Moscow, Aug 12 (DPA) The number and extent of forest fires in Russia’s central European provinces showed signs of abating for the first time in weeks, but the situation was ‘still tense’, Russian President Dmitry Medvedev said Thursday.
Vladimir Stepanov, head of Russia’s national crisis centre, was quoted by the Interfax news agency as saying that the number of fires and the area of burning land had both fallen in the past 24 hours.
Medvedev Thursday cancelled a fire-related state of emergency in three of seven Russian provinces, including greater Moscow.
Fires in forested regions of Russia’s Bryansk province, a region affected by the 1986 Chernobyl nuclear power accident, have caused no increased radiation in the environment, and blazes in contaminated districts would be extinguished in a day, Stepanov said.
Across Russia, about 560 more fires in forests and peat bogs were burning Thursday, covering a total area of some 80,000 hectares – 10,000 hectares less than Wednesday, he said.
About 60 of the blazes had been designated ‘large fires’ requiring extra effort to control.
Though government firefighting efforts appeared to be gaining ground, ‘the situation is still tense’, Medvedev said.
The wave of peat and forest blazes which started in late July in Russia’s western provinces represent the worst fires ever in the former Soviet republic. Damage to Russia’s economy caused by the blazes could exceed $30 billion.
Reports of fires not fully under control emerged Thursday, with a blaze in Russia’s central Ural region forcing the evacuation of villagers.
A village in Nizhny Novgorod, some 400 km east of Moscow, was on fire Thursday, but no injuries were reported.
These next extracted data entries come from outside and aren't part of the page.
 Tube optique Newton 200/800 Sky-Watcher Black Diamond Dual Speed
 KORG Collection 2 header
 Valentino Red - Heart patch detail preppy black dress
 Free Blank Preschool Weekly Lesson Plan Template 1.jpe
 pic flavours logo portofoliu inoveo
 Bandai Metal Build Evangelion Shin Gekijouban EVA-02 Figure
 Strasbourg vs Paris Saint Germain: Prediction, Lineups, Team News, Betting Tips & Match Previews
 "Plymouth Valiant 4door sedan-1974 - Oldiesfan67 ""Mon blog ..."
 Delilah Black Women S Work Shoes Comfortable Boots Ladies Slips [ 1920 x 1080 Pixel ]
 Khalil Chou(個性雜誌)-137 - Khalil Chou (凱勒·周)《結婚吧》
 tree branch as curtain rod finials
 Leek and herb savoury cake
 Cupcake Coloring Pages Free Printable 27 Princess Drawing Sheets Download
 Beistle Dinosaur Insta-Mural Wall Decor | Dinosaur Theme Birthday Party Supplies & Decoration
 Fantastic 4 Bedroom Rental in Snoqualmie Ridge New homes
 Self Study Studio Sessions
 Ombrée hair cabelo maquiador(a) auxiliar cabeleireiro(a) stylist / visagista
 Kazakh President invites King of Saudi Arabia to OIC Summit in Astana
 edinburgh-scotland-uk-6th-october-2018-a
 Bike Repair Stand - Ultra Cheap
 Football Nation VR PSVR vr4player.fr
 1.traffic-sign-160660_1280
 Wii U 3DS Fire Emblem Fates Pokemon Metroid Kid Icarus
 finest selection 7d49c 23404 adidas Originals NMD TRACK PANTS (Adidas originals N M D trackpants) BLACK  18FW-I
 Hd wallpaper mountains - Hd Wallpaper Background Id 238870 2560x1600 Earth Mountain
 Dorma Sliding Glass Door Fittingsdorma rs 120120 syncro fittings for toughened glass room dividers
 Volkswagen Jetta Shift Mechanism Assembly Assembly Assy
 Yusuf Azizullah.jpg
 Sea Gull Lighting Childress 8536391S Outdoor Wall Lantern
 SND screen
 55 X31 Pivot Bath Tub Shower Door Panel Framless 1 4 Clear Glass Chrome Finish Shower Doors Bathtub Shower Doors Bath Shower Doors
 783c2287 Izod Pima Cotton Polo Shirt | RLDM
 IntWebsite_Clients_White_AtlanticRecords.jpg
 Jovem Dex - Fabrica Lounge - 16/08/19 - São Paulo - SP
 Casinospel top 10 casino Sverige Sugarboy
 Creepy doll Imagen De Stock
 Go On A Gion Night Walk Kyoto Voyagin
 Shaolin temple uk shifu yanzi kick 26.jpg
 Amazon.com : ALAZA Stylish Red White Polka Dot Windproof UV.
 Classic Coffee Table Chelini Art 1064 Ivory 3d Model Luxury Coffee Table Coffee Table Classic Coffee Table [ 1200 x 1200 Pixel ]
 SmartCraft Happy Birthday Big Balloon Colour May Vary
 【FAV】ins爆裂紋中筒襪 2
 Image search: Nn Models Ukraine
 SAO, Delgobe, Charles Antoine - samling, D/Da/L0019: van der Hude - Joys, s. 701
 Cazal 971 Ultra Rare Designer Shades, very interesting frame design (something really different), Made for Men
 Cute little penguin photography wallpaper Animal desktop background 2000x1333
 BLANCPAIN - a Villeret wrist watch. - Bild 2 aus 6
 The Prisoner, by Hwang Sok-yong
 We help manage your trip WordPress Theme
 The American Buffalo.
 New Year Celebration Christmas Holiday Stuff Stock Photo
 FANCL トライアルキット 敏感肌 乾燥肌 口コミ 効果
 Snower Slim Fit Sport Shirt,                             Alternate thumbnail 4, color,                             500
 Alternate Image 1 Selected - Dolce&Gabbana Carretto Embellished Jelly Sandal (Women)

Moscow, shrouded for most of the last week in thick smog from nearby forest fires, was breathing easier, with much of the smog dissipated and the number of fires near the capital a third lower than Wednesday.
Emergency response and military units began flooding peat bogs around Moscow Thursday, in an attempt to block the spread of fires in outlying rural districts to built-up regions.
Medvedev, called for increased fire protection for strategically important government facilities, and for the national prosecutor’s office to crack down on fire-related profiteering.
Fire, continuing drought, and record-breaking temperatures since July have devastated Russia’s grain fields and caused a 20-percent spike in the retail prices of bread, flour, and other basic food products, according to media reports.
For the first time since the early 1990s, Russia this year will become a net grain importer, with an expected harvest of some 60 million tonnes as compared to 97 million in 2009, according to industry estimates.
Russia’s annual grain consumption is around 70 million tonnes, according to government data.
Weather predictions for western Russia, the heart of the country’s agricultural sector, were pessimistic Thursday, with meteorologists warning of continued hot and dry conditions, high danger of fires and no rain in sight.